### SOURCE MATERIAL
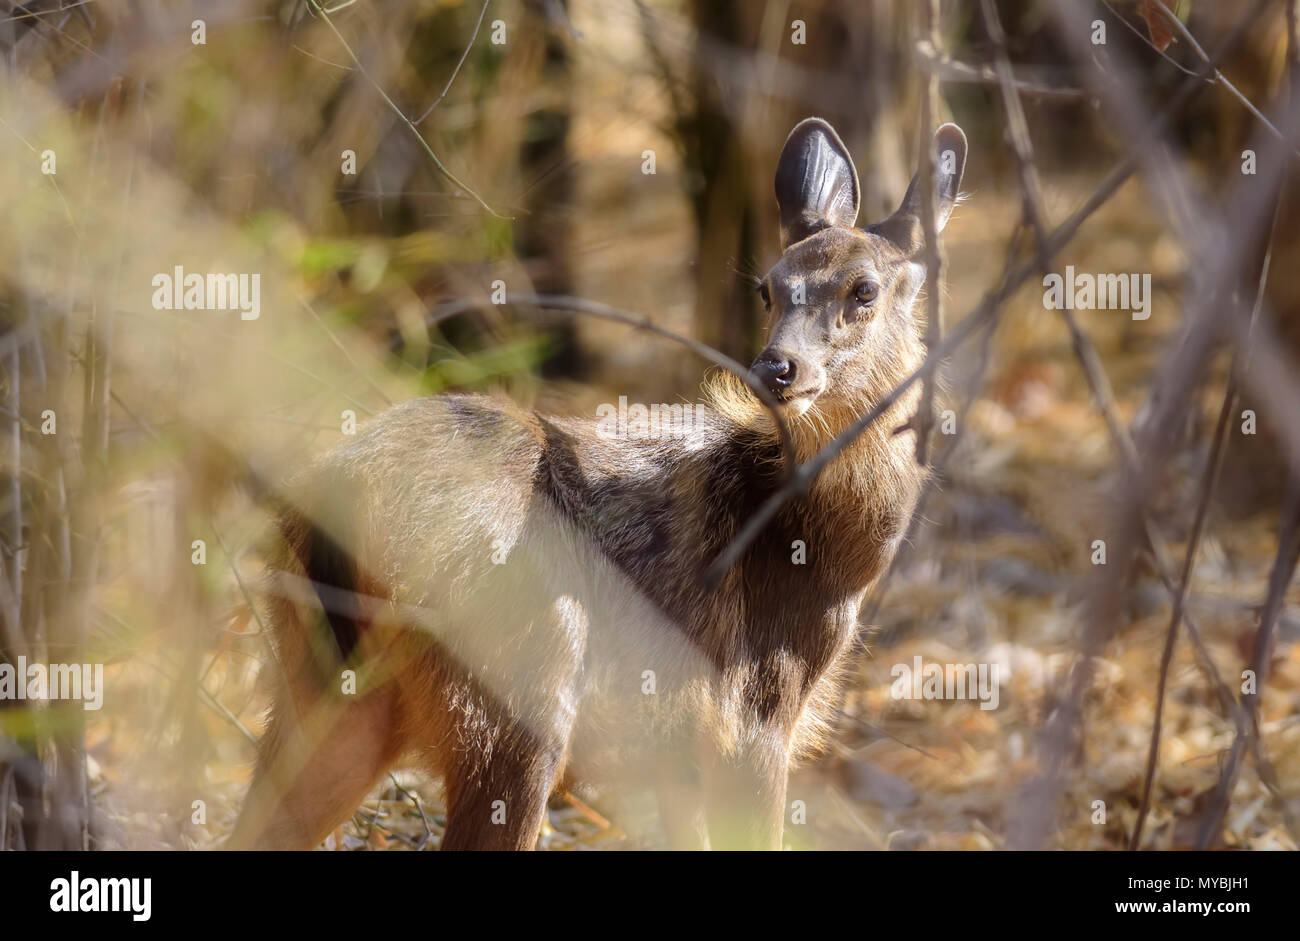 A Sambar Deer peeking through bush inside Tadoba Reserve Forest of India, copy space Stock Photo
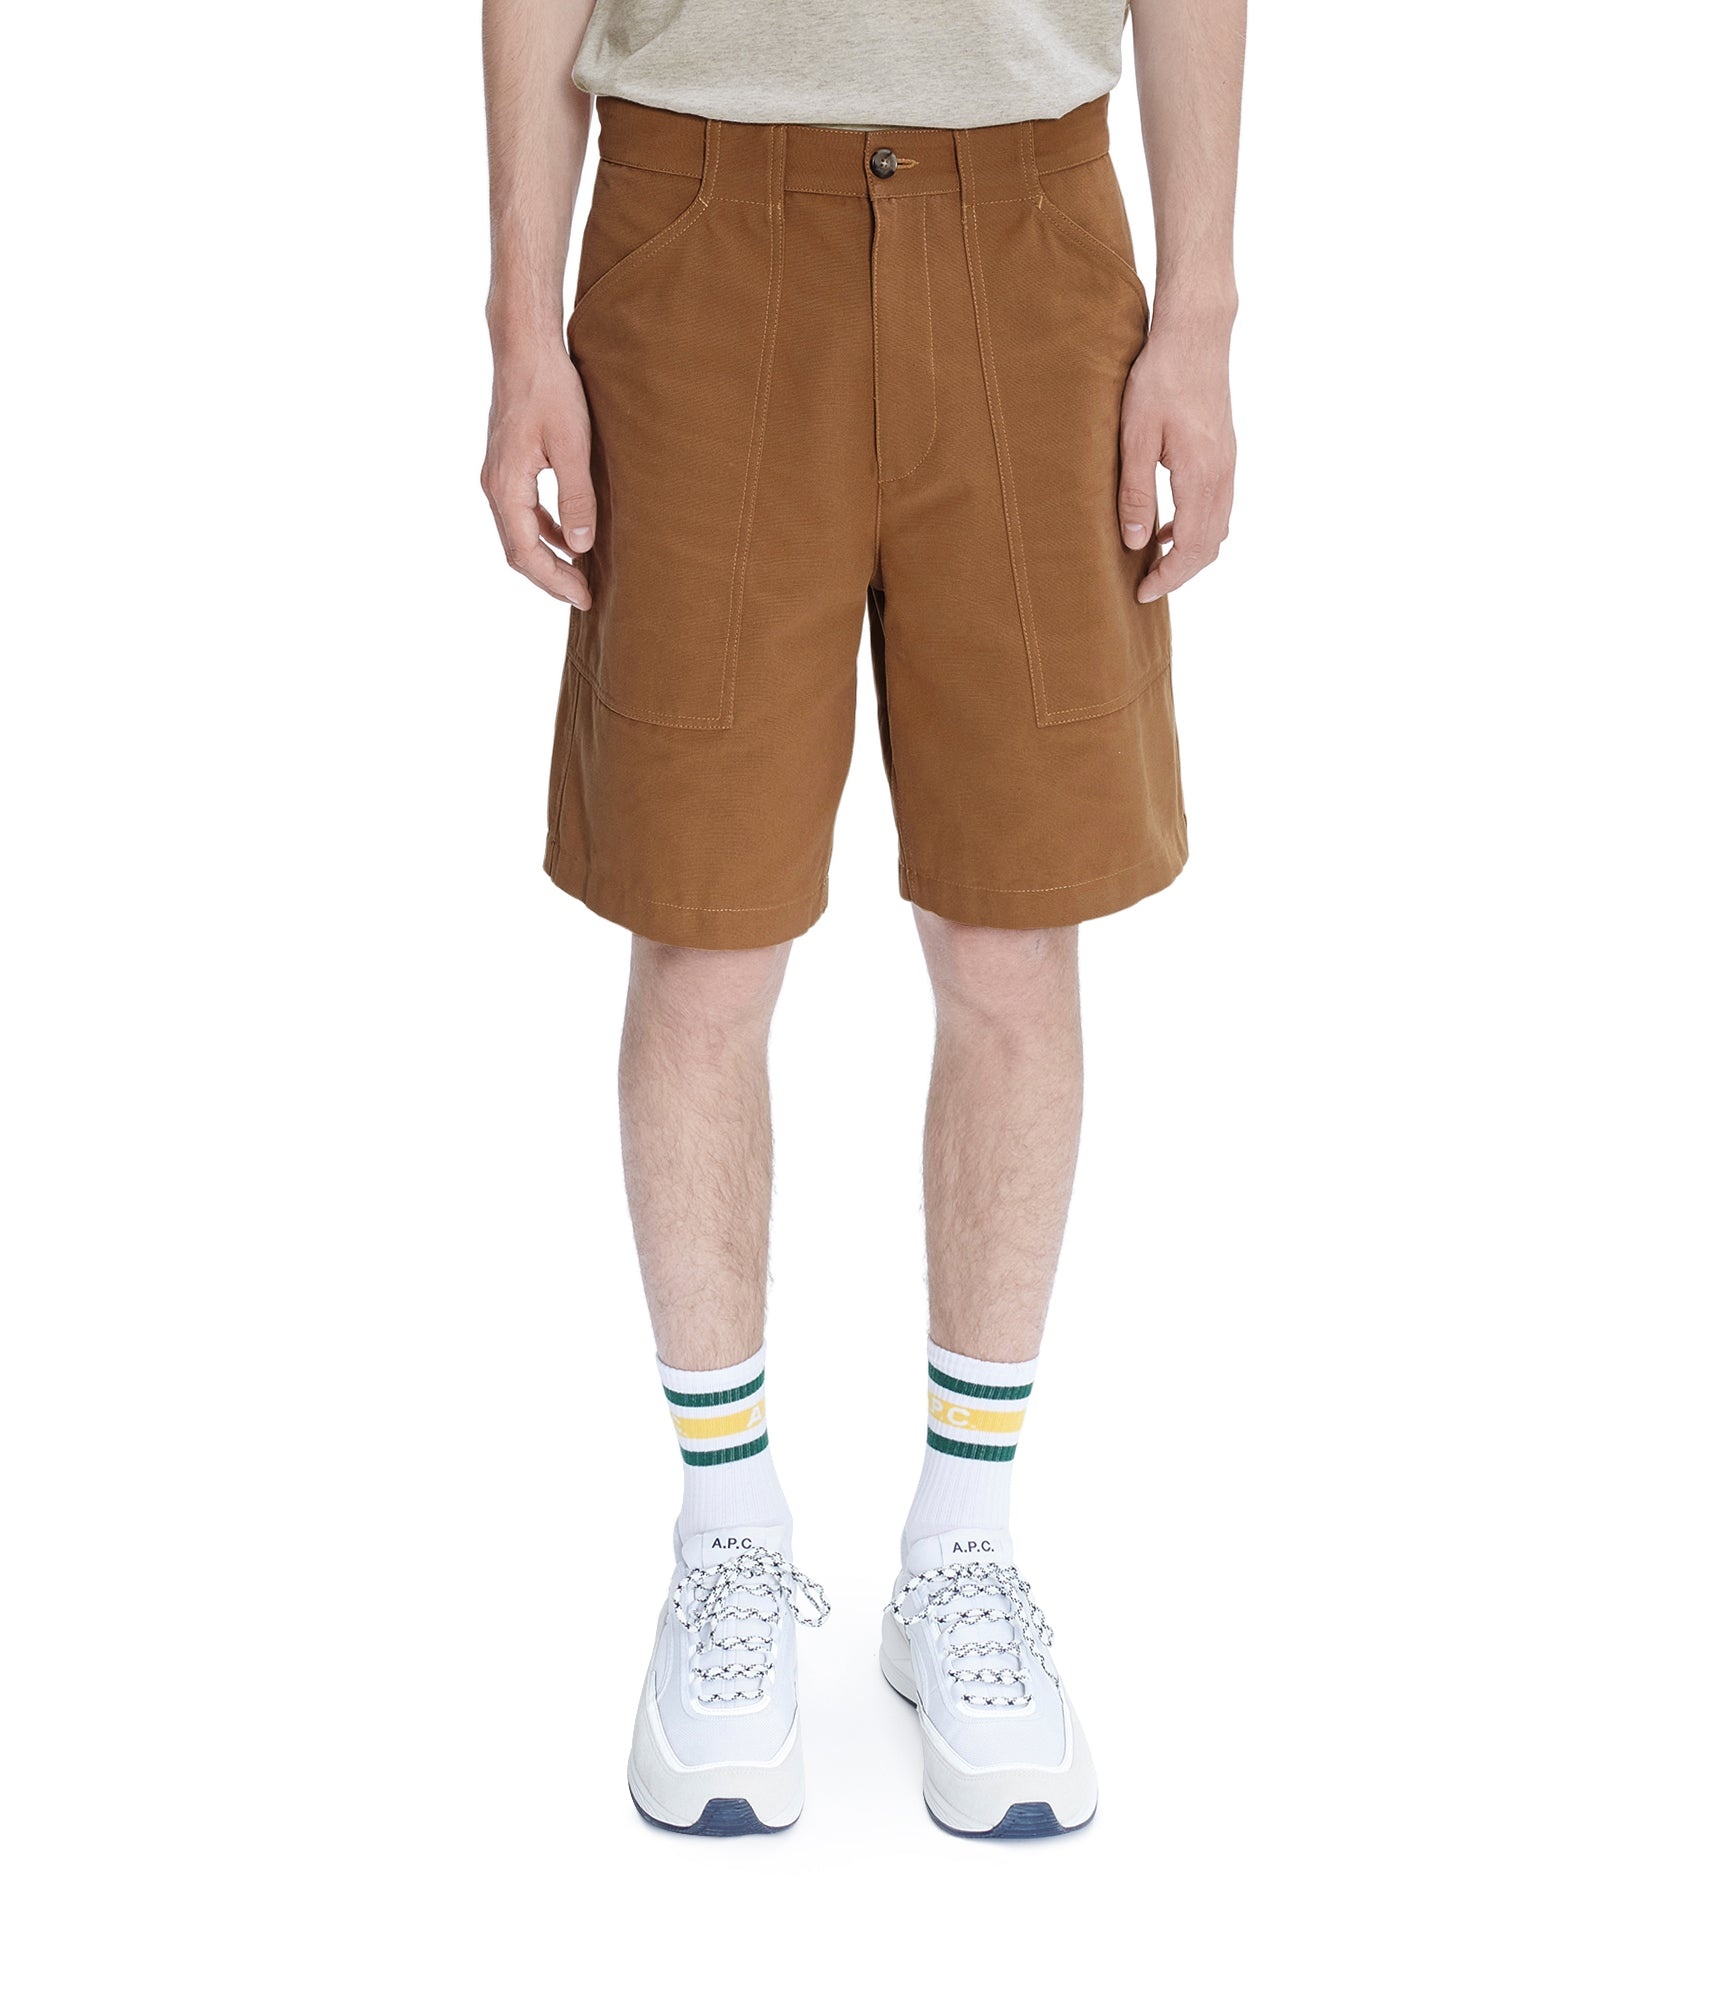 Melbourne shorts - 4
...
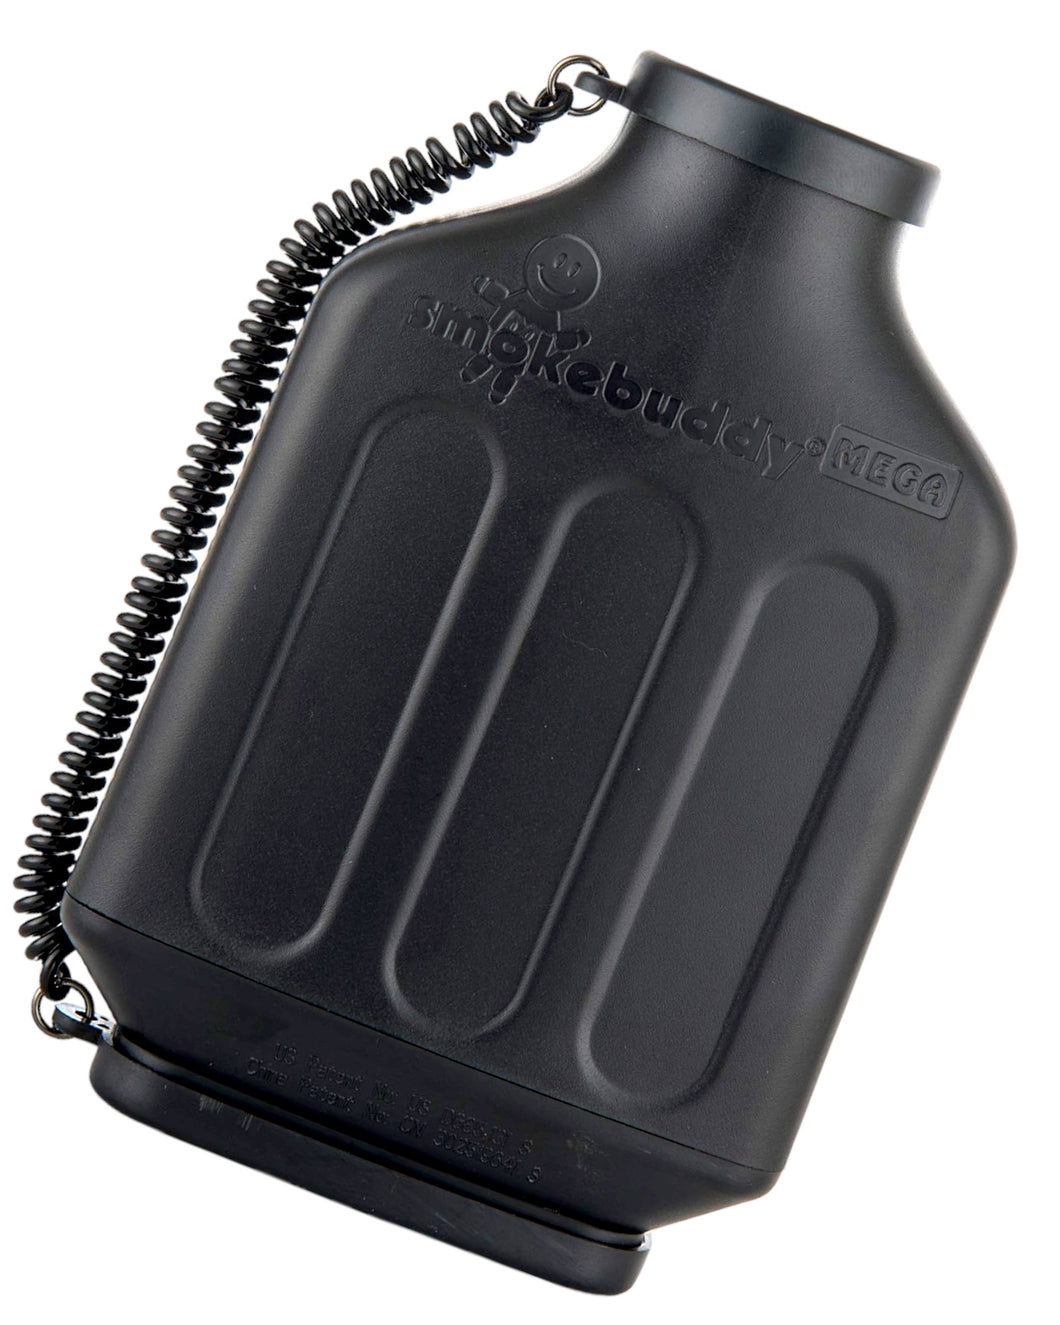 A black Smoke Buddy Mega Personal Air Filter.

### DESCRIPTION OF THE TASK
Nothing but the lines above, starting at the line that contains "A Sambar Deer" and ending at the line that contains "Melbourne shorts - 4", should be given again, exactly and without the pictures.

### THE COMPLETED TASK
 A Sambar Deer peeking through bush inside Tadoba Reserve Forest of India, copy space Stock Photo
 Melbourne shorts - 4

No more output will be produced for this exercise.